--- Raw data ---

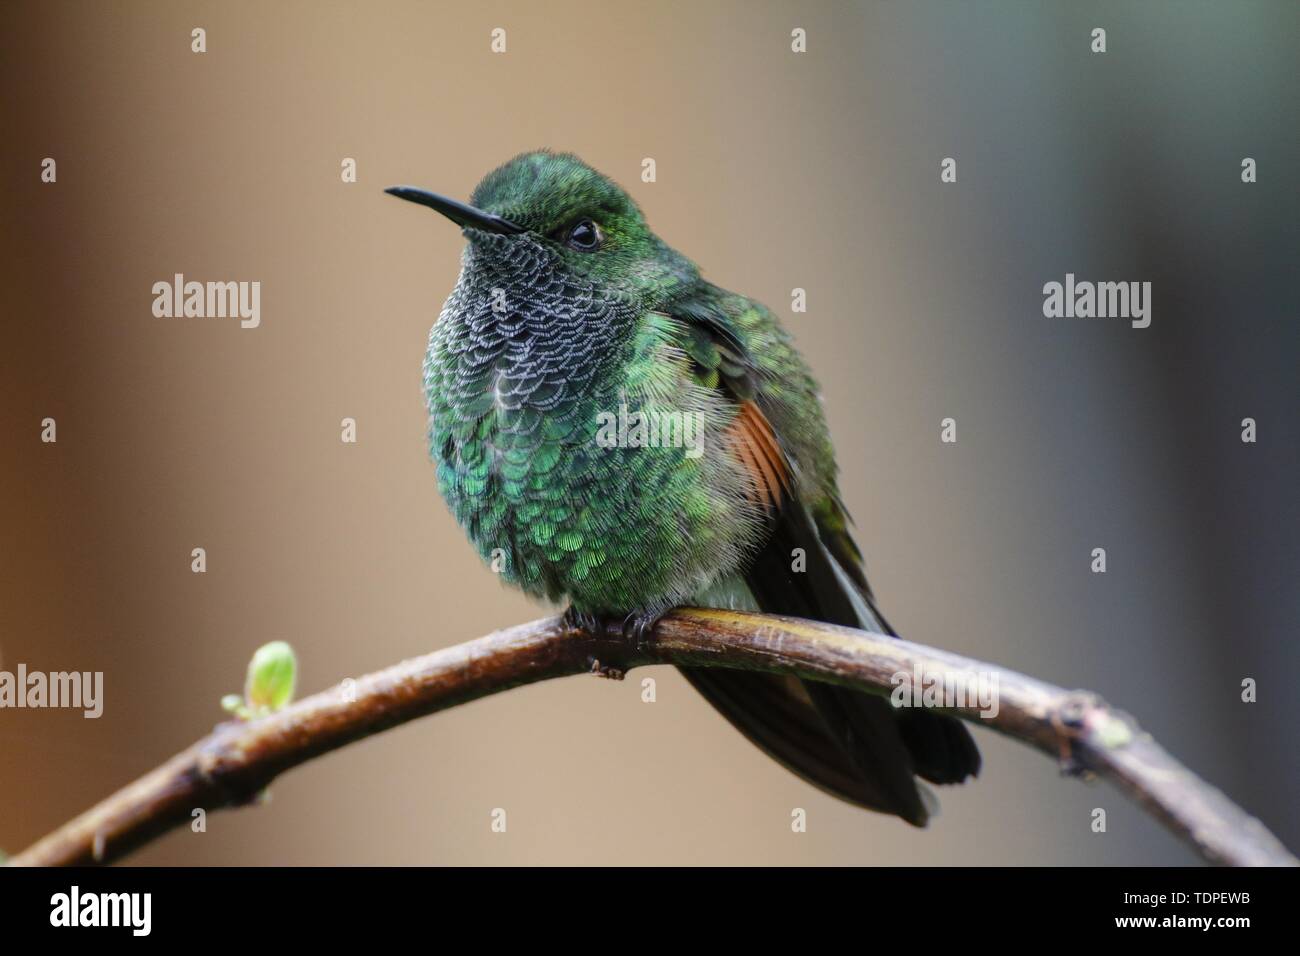 Male Stripe-tailed hummingbird  Eupherusa eximia Stock Photo
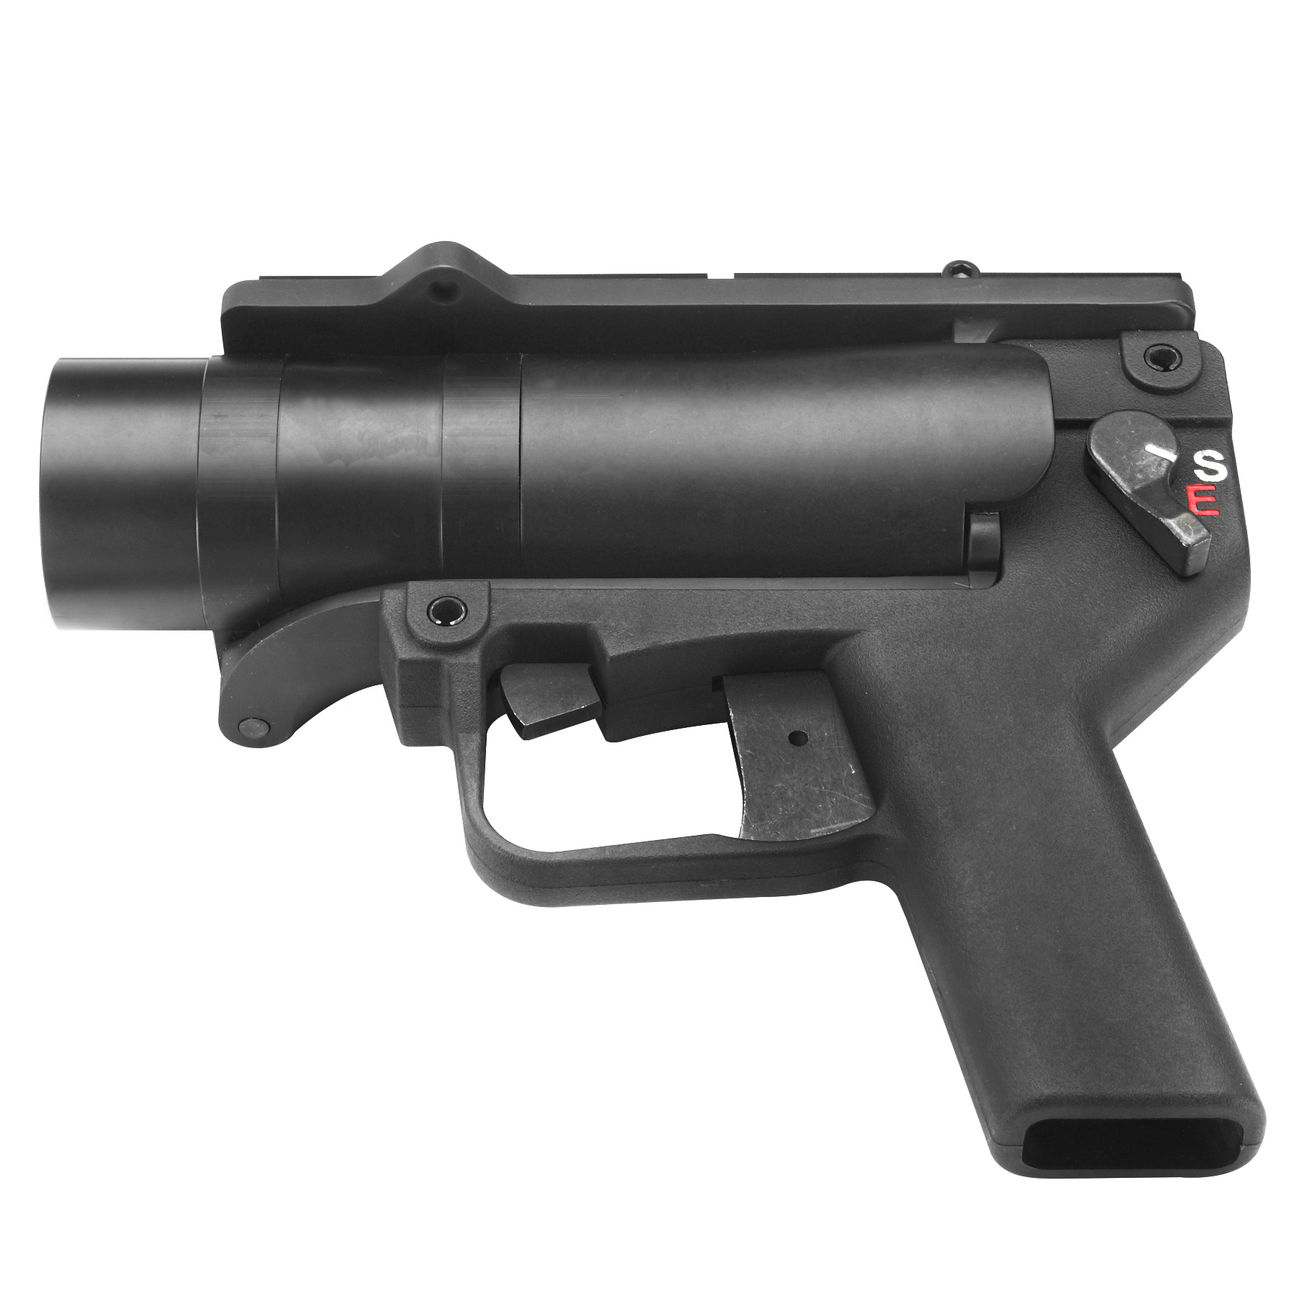 Mad Bull AGX 40mm Vollmetall Airsoft Pistolen-Launcher schwarz Bild 4
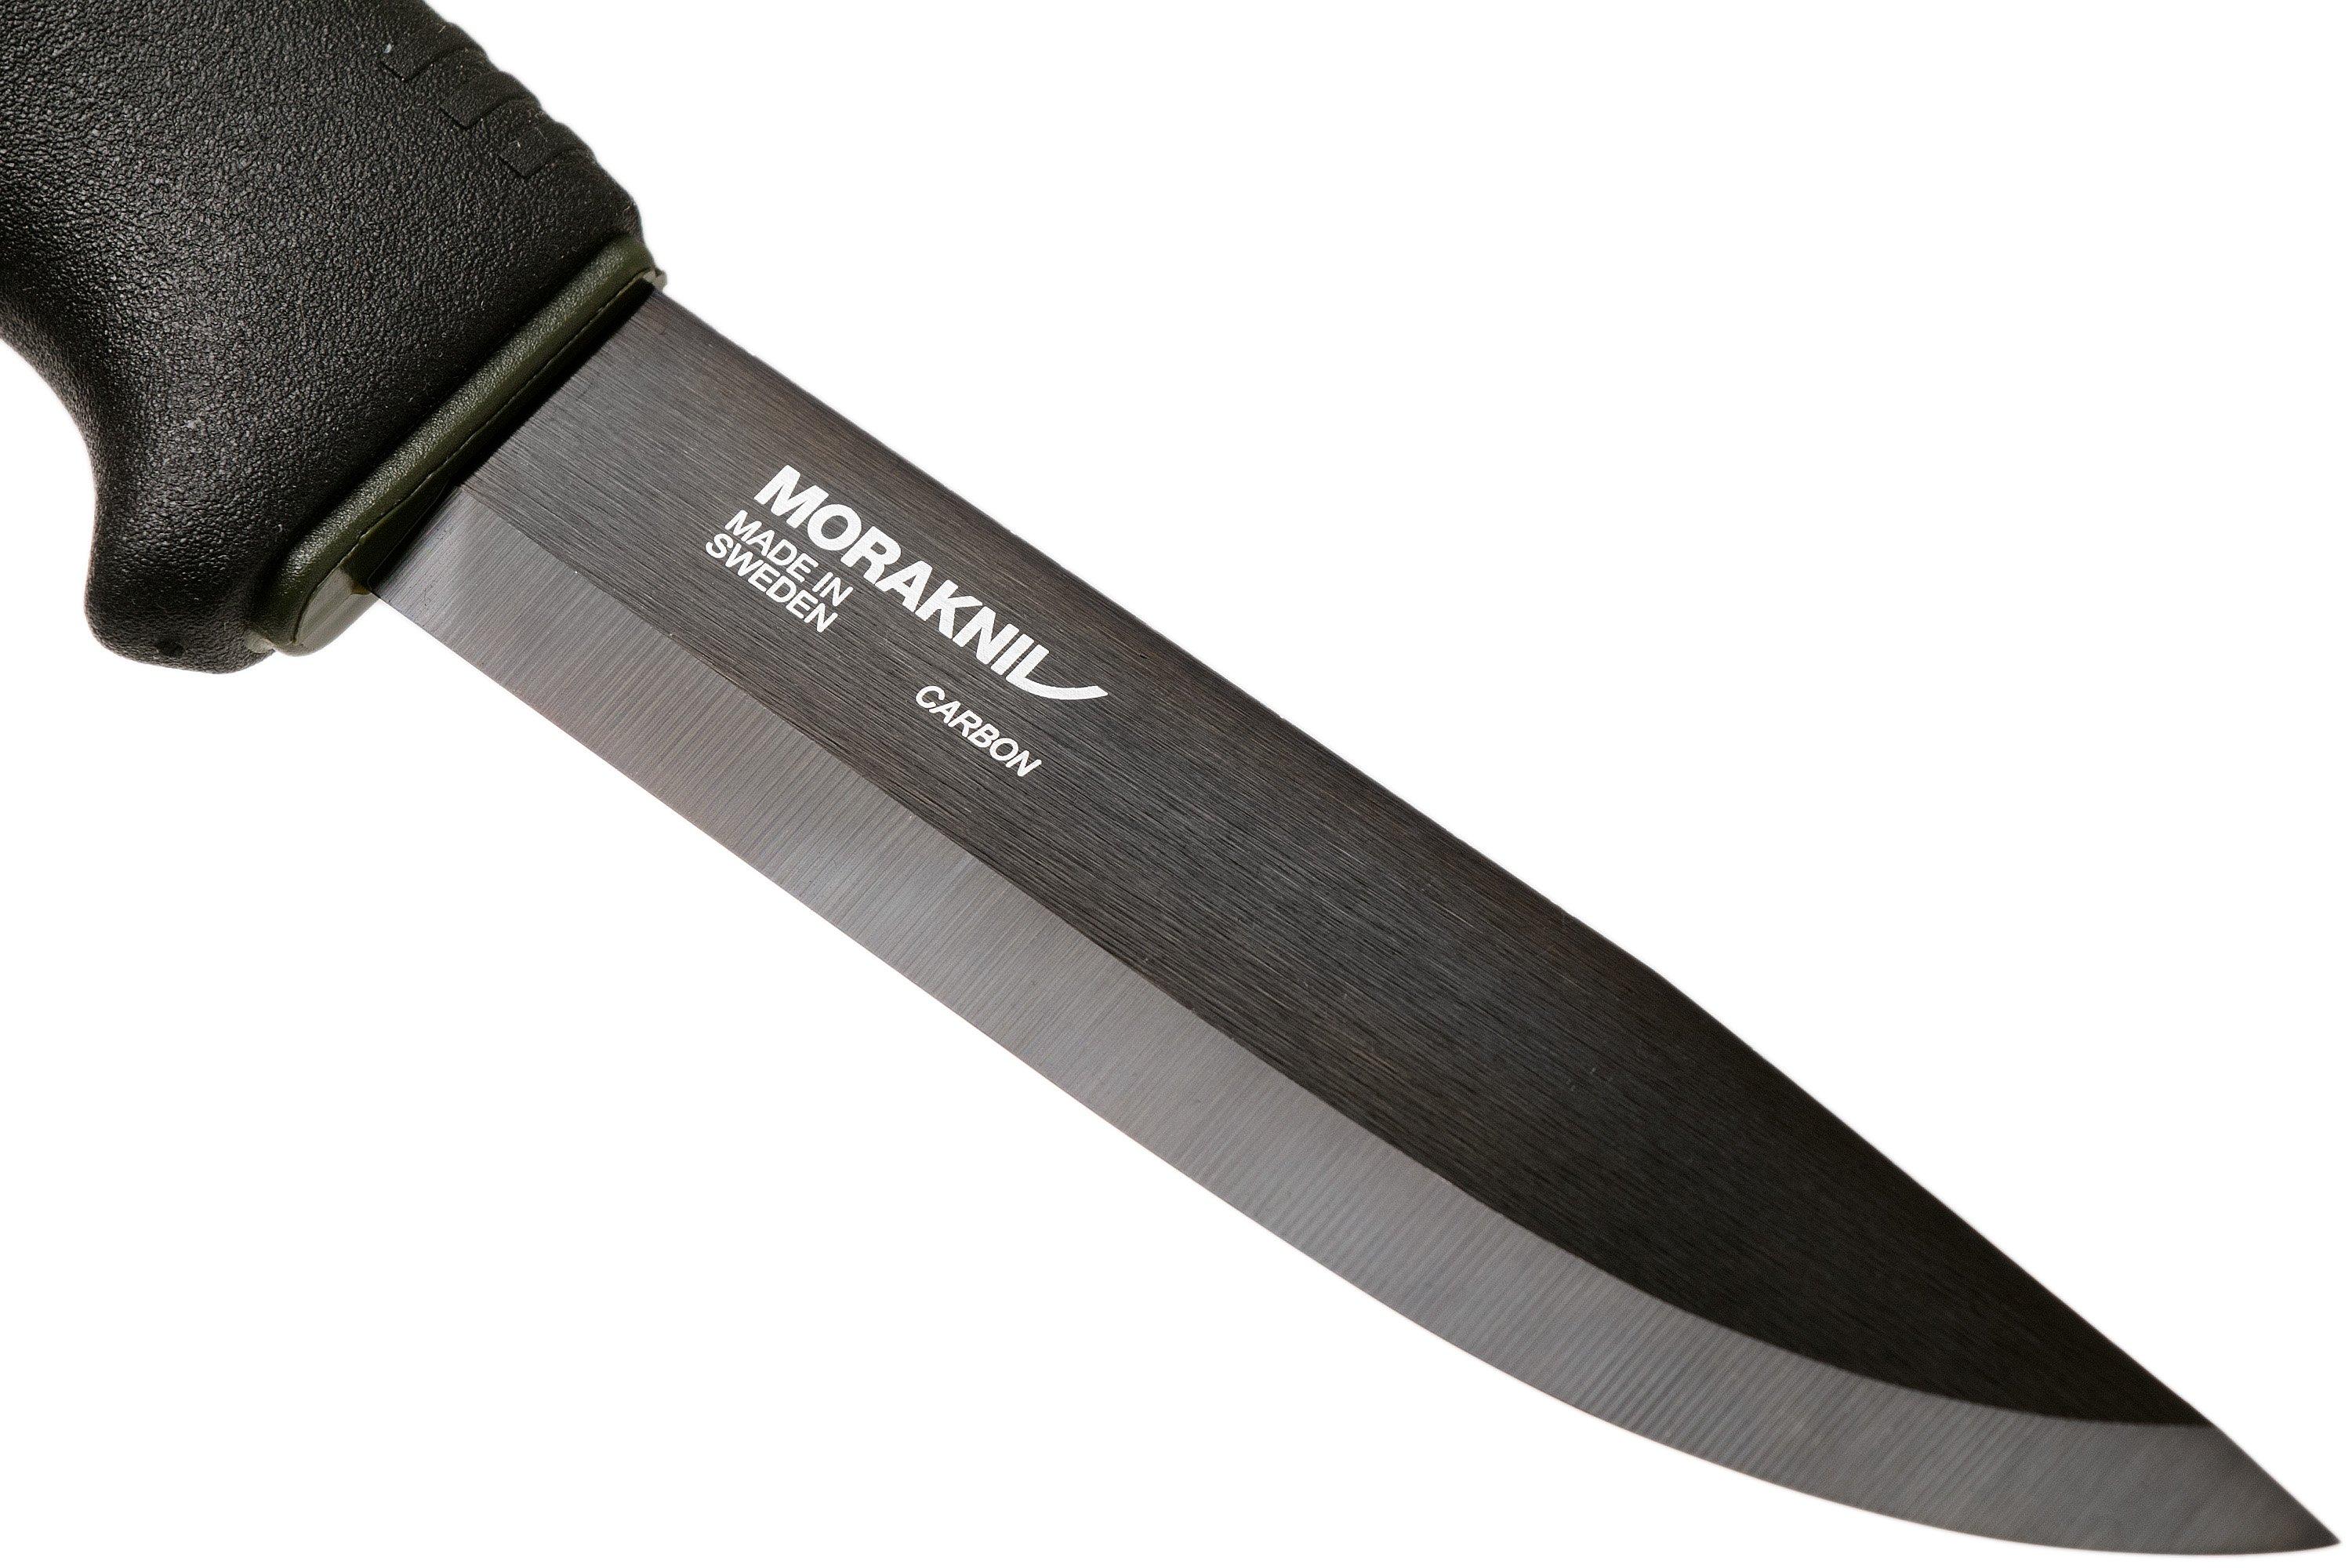 Mora Bushcraft Survival, Black Carbon Steel, Ultimate Outdoor Knife

---

=== Task prompt ===
Print nothing except the lines from the one with "Mad Bull AGX" through the last line of the listing, exactly as written and with pictures removed.

=== Solution to this exercise ===
 Mad Bull AGX 40mm Vollmetall Airsoft Pistolen-Launcher schwarz Bild 4
 Mora Bushcraft Survival, Black Carbon Steel, Ultimate Outdoor Knife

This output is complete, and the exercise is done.